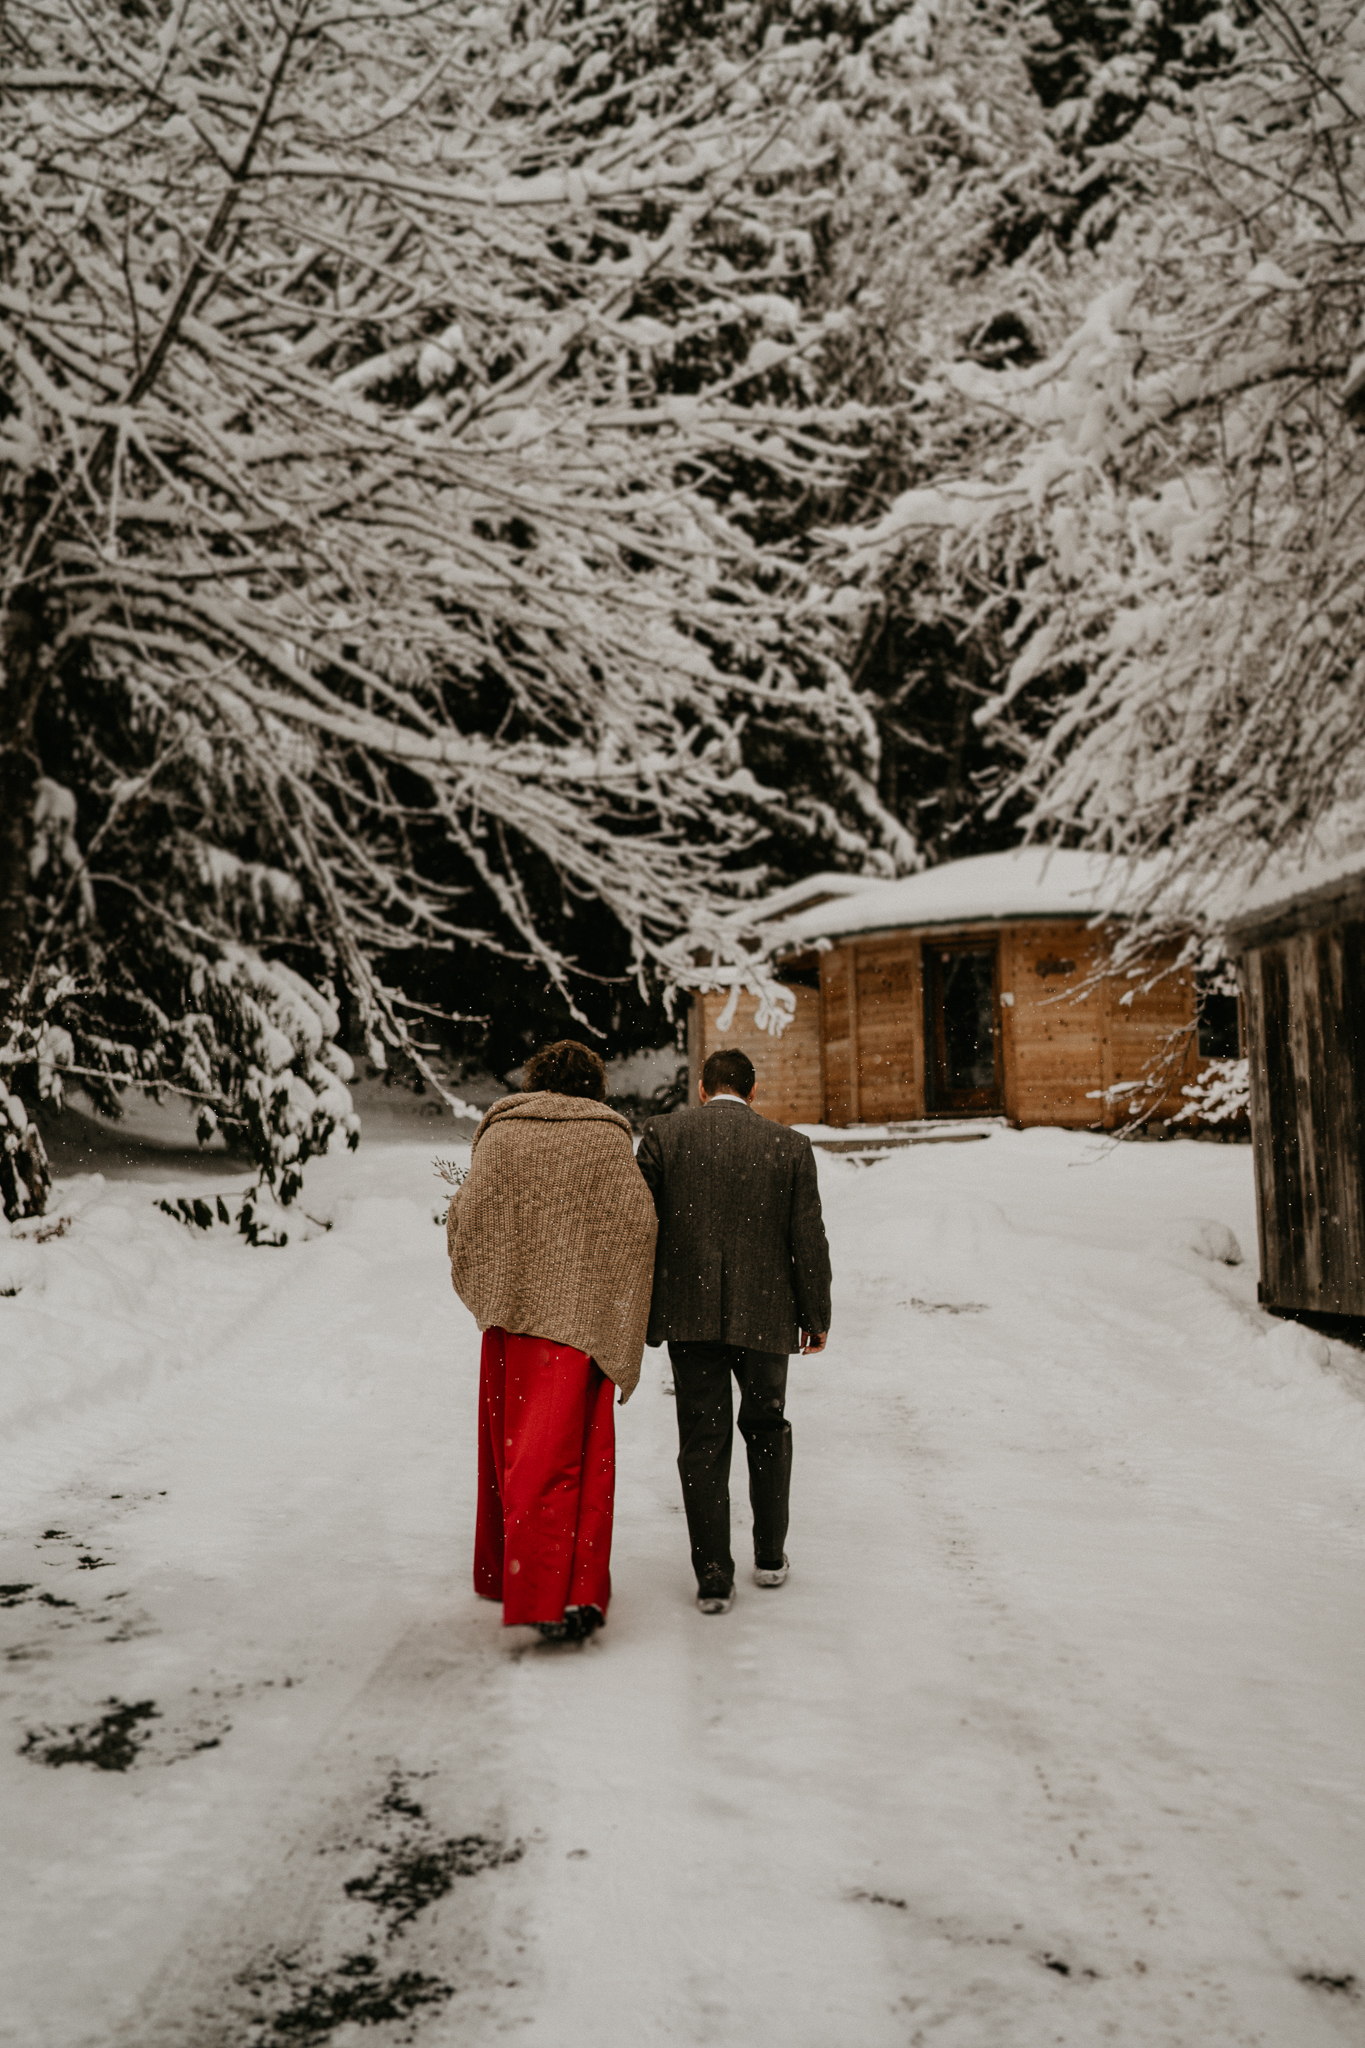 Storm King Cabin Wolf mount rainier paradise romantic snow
----
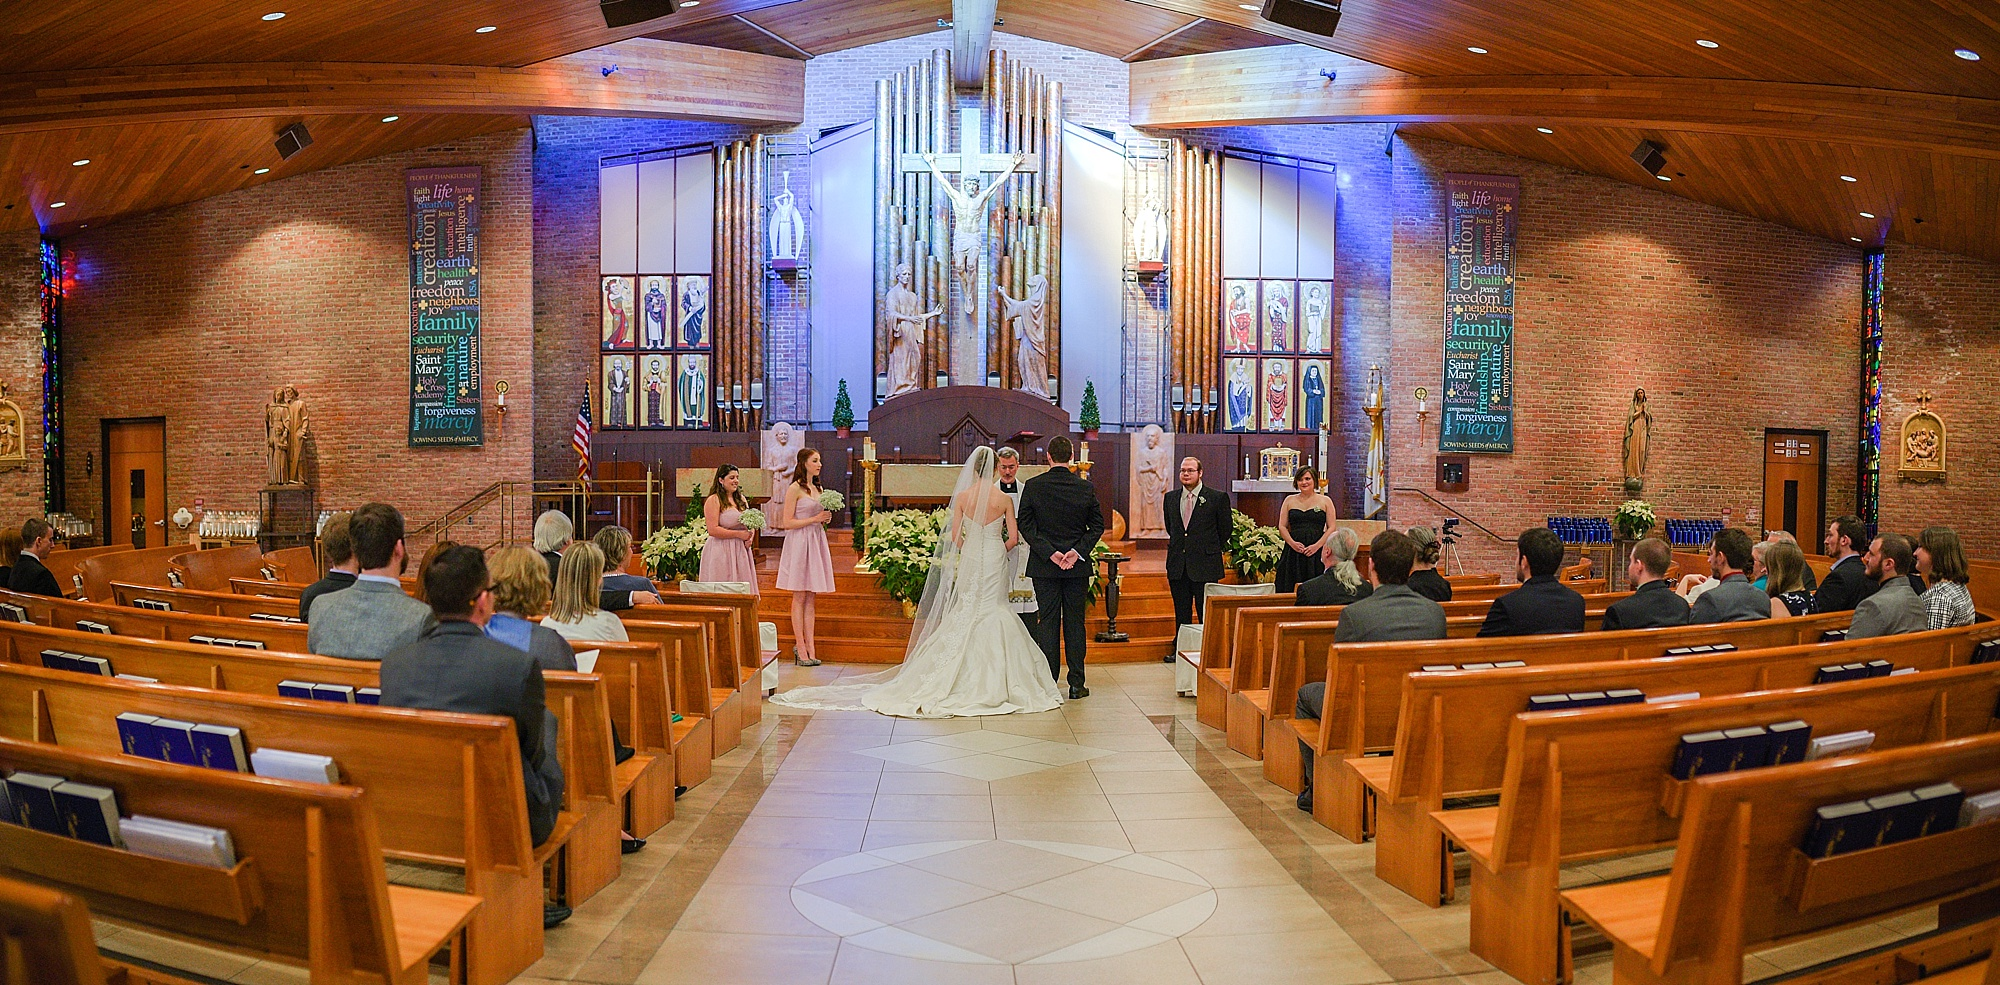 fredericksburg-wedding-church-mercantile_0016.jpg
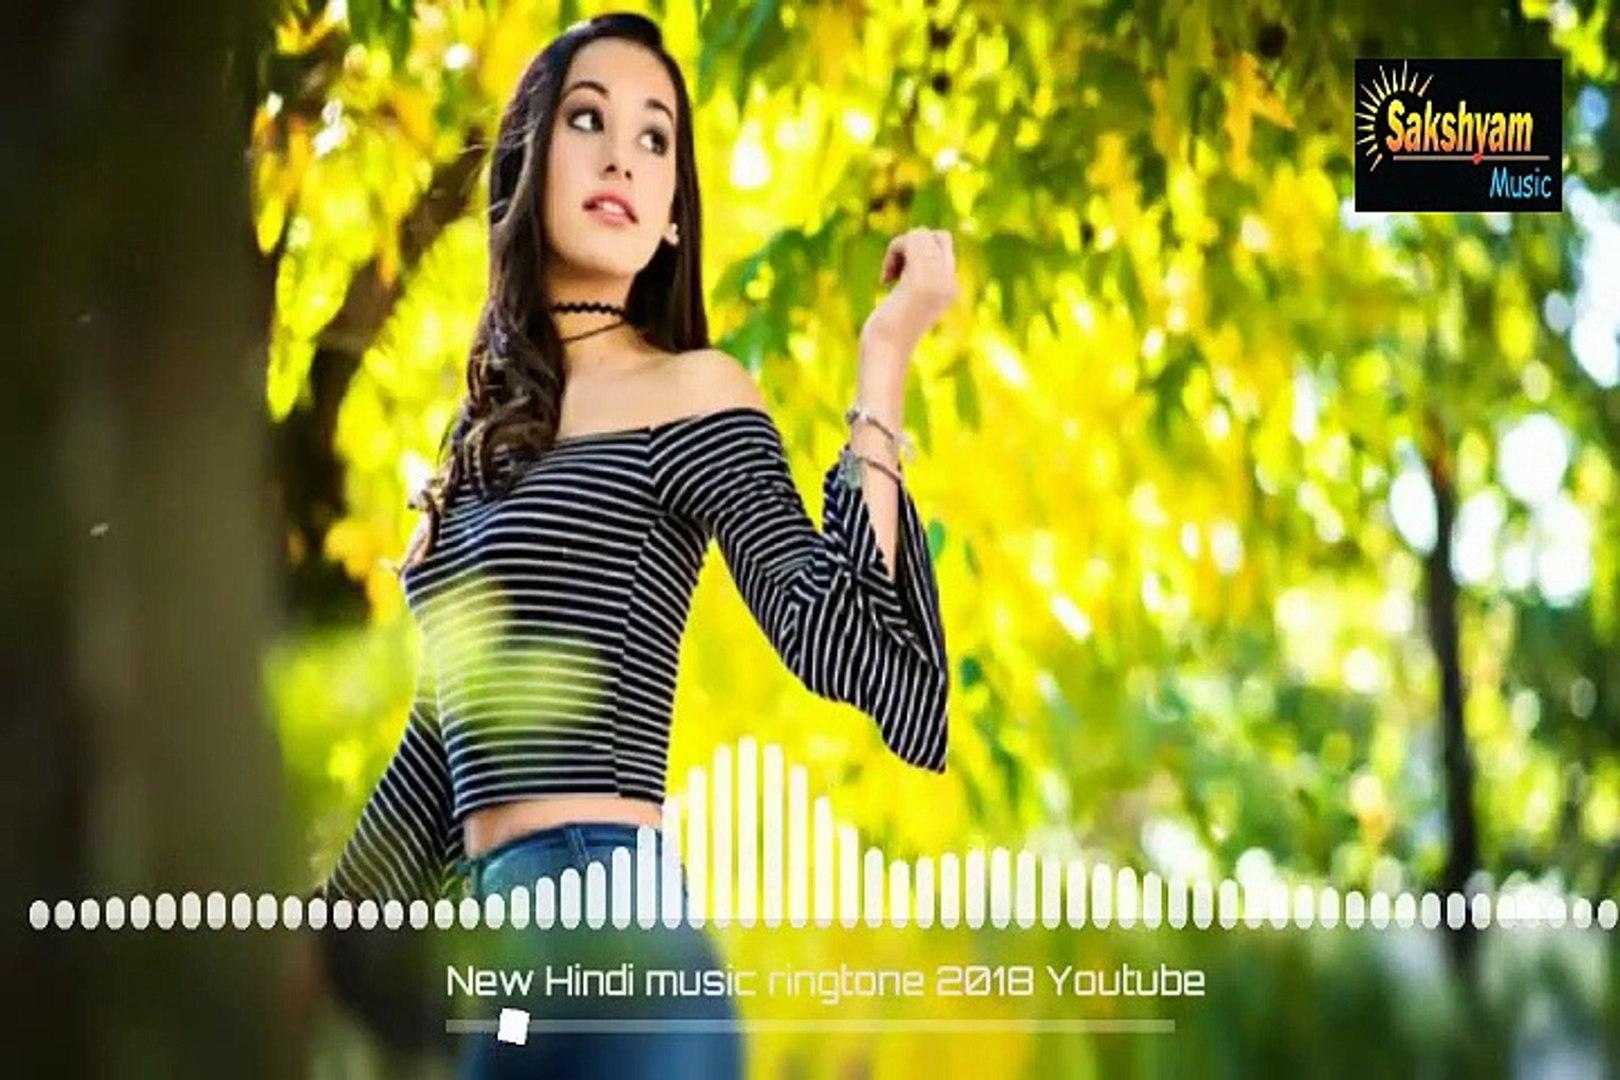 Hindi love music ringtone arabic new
----
WORK TASK: Line for line, output the entries above from the line with "fredericksburg-wedding-church-mercantile_0016.jpg" to the line with "Hindi love music ringtone arabic new", both included, and nothing more. Skip pictures.

EXERCISE OUTPUT:
 fredericksburg-wedding-church-mercantile_0016.jpg
 Hindi love music ringtone arabic new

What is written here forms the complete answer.